Resource Catalogue Collections⚓︎

The registrar (eoepca/rm-data-access-core) container image is pre-loaded with two collections at the path /registrar_pycsw/registrar_pycsw/resources, (in the built container the files are at the path /usr/local/lib/python3.8/dist-packages/registrar_pycsw/resources/):

  • S2MSI1C.yml - identifier: S2MSI1C
  • S2MSI2A.yml - identifier: S2MSI2A

The registrar applies these collections into the resource-catalogue during start-up - to create pre-defined out-of-the-box collections in pycsw.

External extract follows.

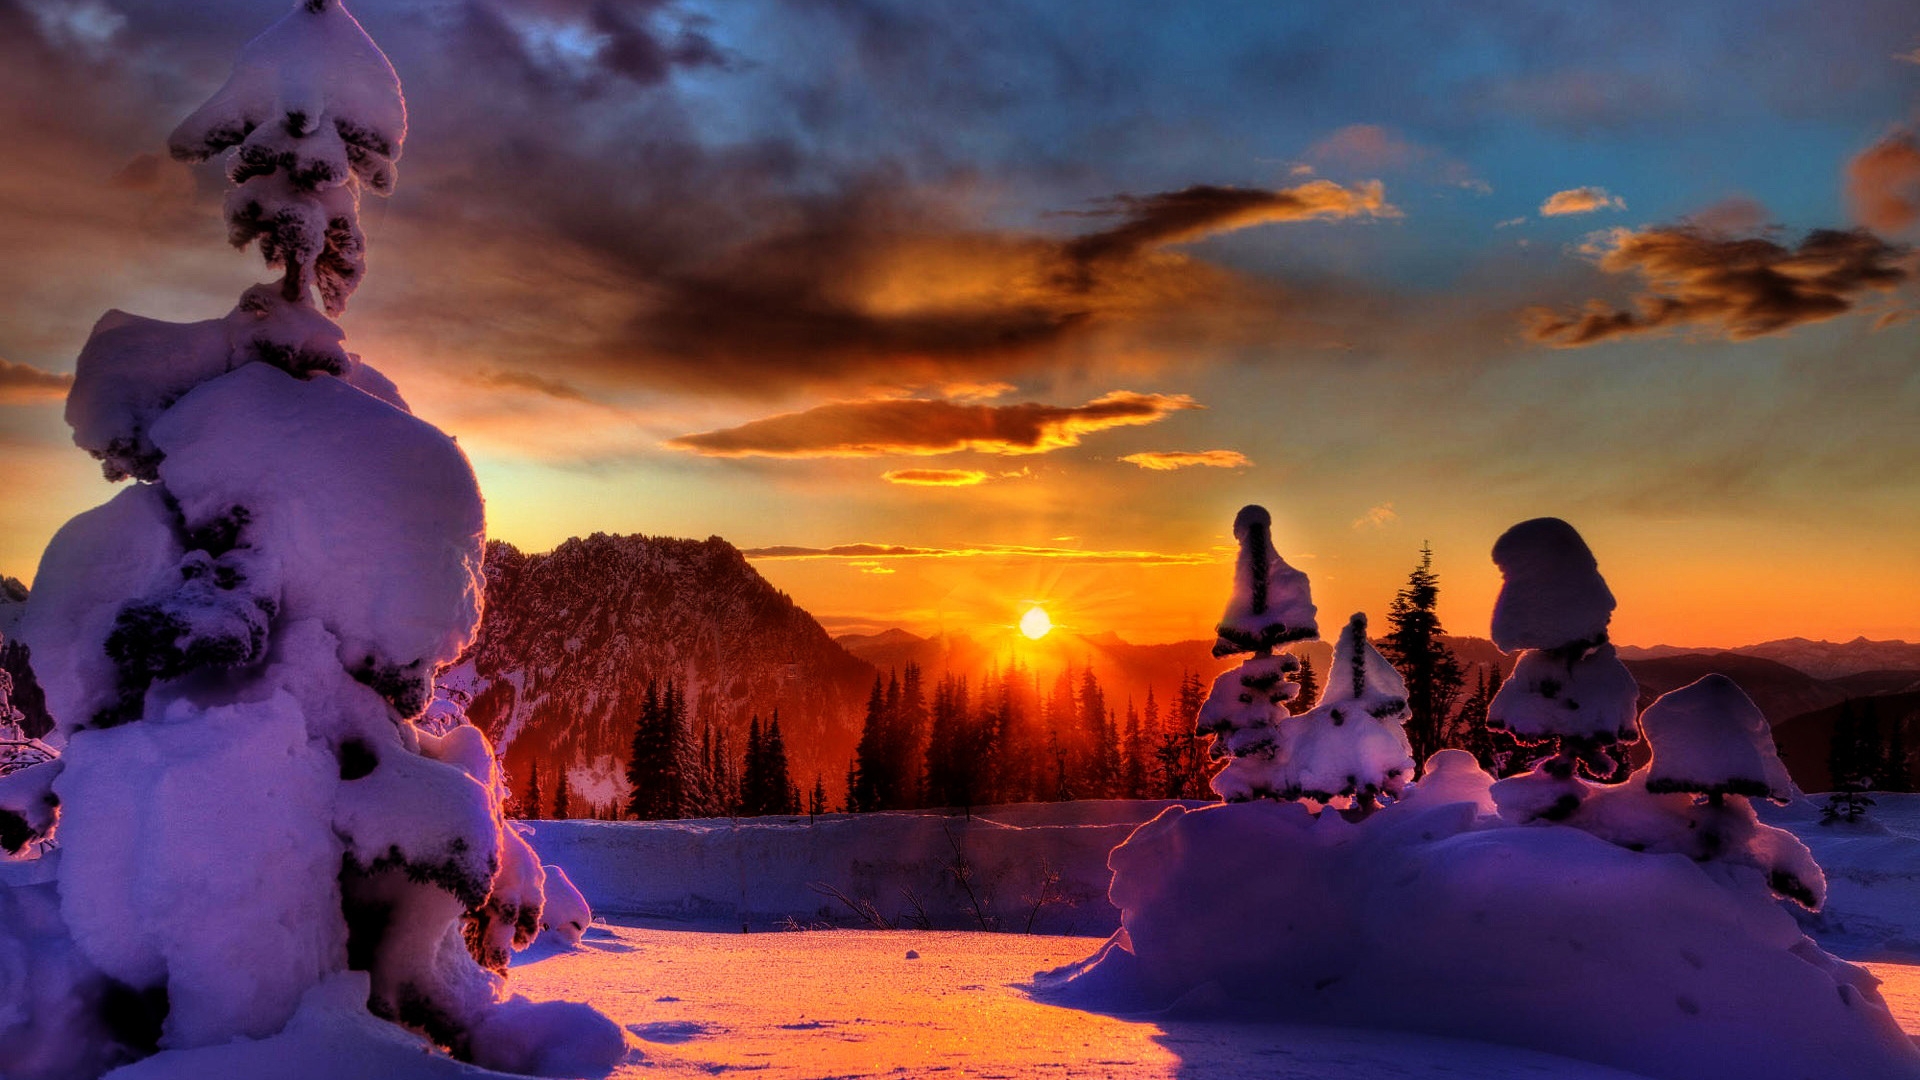 Winter Sunset for 1920 x 1080 HDTV 1080p resolution
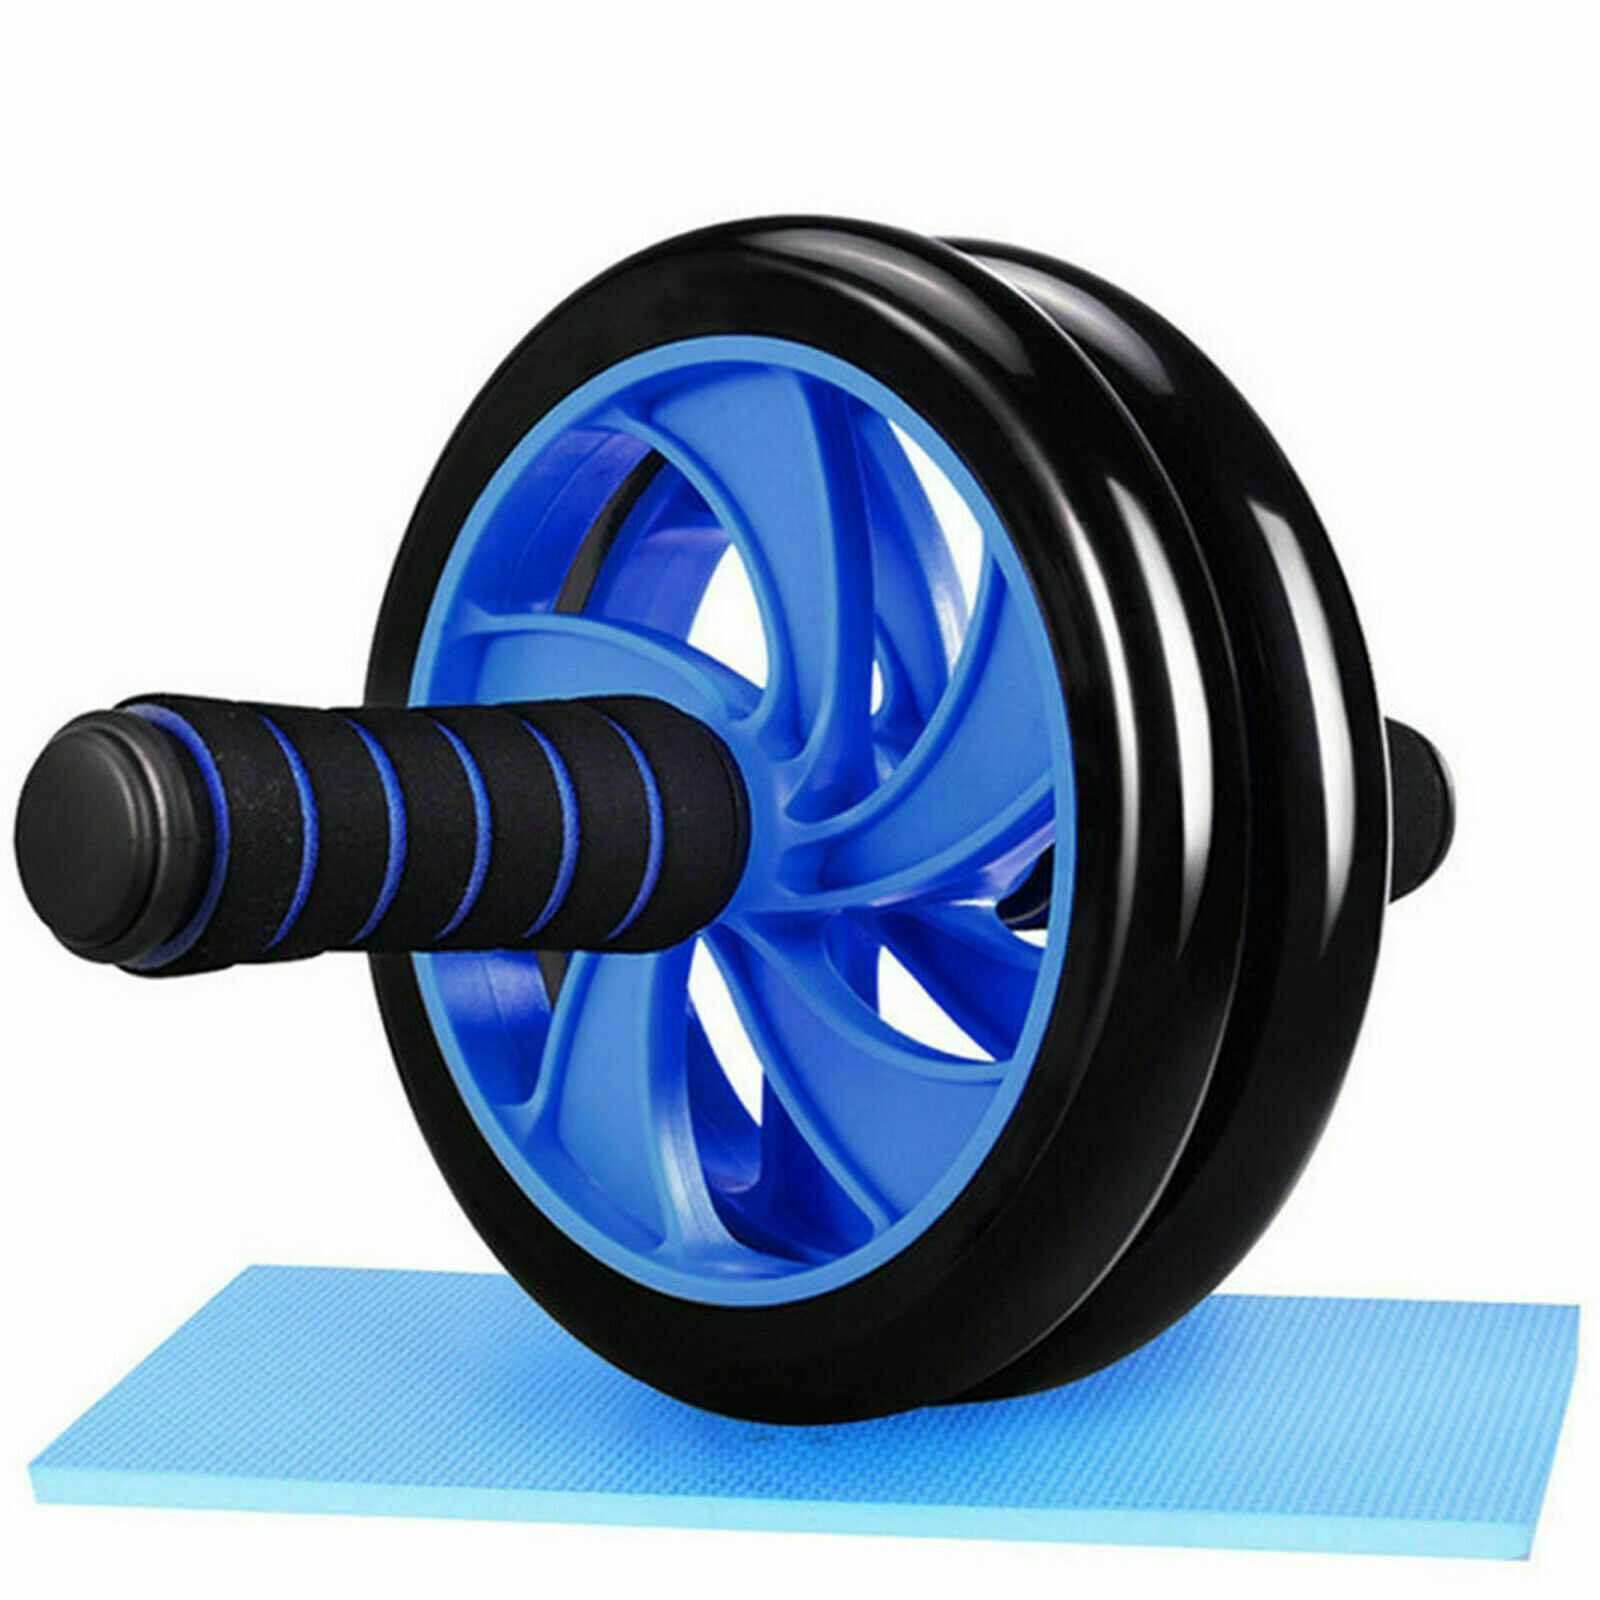 Roda muscular abdominal Fitness Home Dunlop

During registration, the PycswBackend of the registrar uses the Product Type to map the product into the collection of the same name - using metadata field parentidentifier.

Data Specification⚓︎

The data-access service data handling is configured by definition of productTypes, collections and layers

  • productTypes identify the underlying file assets as WCS coverages and their visual representation
  • collections provide groupings into which products are organised
  • layers specifies the hoe the product visual representations are exposed through the WMS service

productType⚓︎

During registration, products are mapped into a productType via a filter that is applied against the STAC item metadata.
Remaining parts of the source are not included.